Today's solar flare forecasting is pretty straightforward. Earth has several instruments pointed at the sun that monitor it, and when a solar flare erupts, NOAA predicts whether it'll hit Earth and reports it via the Space Weather Prediction Center. But NASA and IBM may be able to do this faster and with a little more accuracy thanks to a new artificial intelligence model named Surya.
Surya, which is Sanskrit for "Sun," is a 366M-parameter AI model developed to analyze the various cool things the sun does. It's an open-source model available on GitHub for anyone to play with.
According to the GitHub page, the model "learns general-purpose solar representations through spatiotemporal transformers, enabling state-of-the-art performance in solar flare forecasting, active region segmentation, solar wind prediction, and EUV spectra modeling."
The AI model uses data about our nearest star to predict things like whether a solar flare is likely to hit Earth. IBM says it's trained with data from NASA's Solar Dynamic Observatory, which has been monitoring the sun since 2010, along with eight other research centers.
"We want to give Earth the longest lead time possible," said Andrés Muñoz-Jaramillo, solar physicist at Southwest Research Institute and lead researcher on Surya. "Our hope is that the model has learned all the critical processes behind our star's evolution through time so that we can extract actionable insights."
In short, researchers are hoping to use AI to forecast when a solar flare may hit Earth, giving the longest possible warning that a geomagnetic storm is approaching. Since aurora borealis comes from the effect that geomagnetic storms have on the Earth's magnetic field, we could know when auroras are happening much further in advance.
Filling in the blanks
NASA's Solar Dynamic Observatory was created to piece together the underlying physics of the sun, but as IBM notes, the process has been slow going, and science still hasn't uncovered as much as it would like to about how the sun works. Prior to Surya, NASA was using things like flashes of light in the sun's corona to partially predict solar flares.

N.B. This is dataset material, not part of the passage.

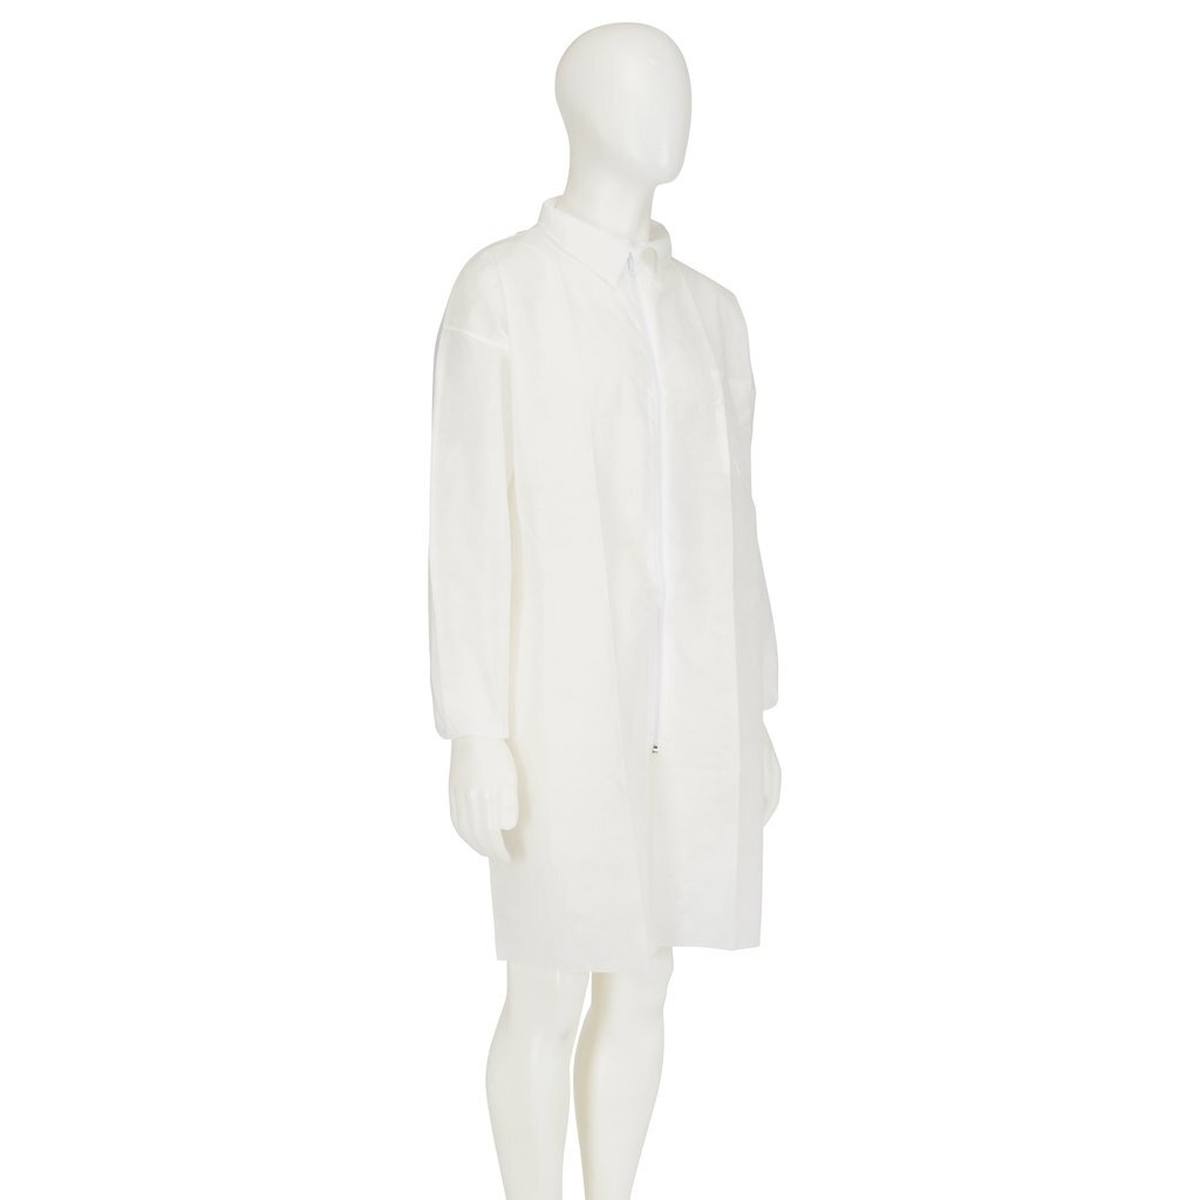 3M 4400 Coat, white, size 4XL, material 100% polypropylene, breathable, very light, with zip
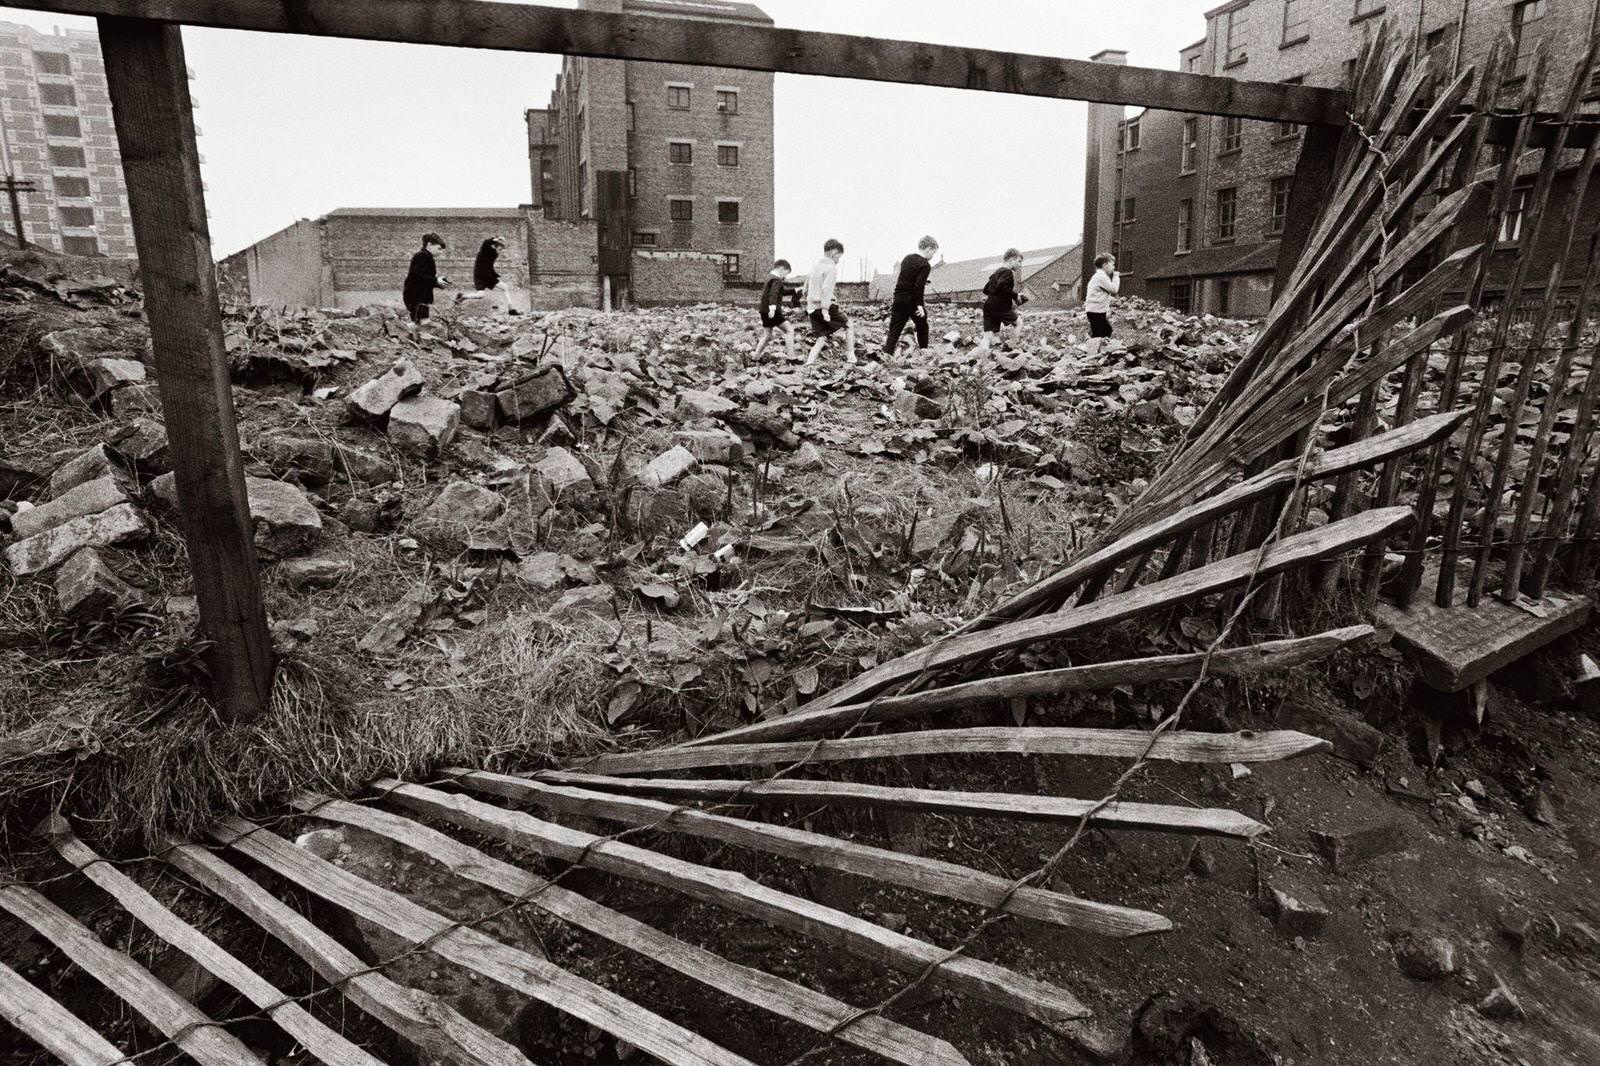 A group of boys pick their way through a wasteland in the Gorbals area of Glasgow, 1968.

NOAA has its own prediction methods that generally work well but have limitations.
IBM says the inclusion of Surya may help make those predictions more accurate and timely.
"We've been on this journey of pushing the limits of technology with NASA since 2023, delivering pioneering foundational AI models to gain an unprecedented understanding of our planet Earth," said Juan Bernabé-Moreno, IBM's director in charge of scientific collaboration with NASA. "With Surya, we have created the first foundation model to look the sun in the eye and forecast its moods."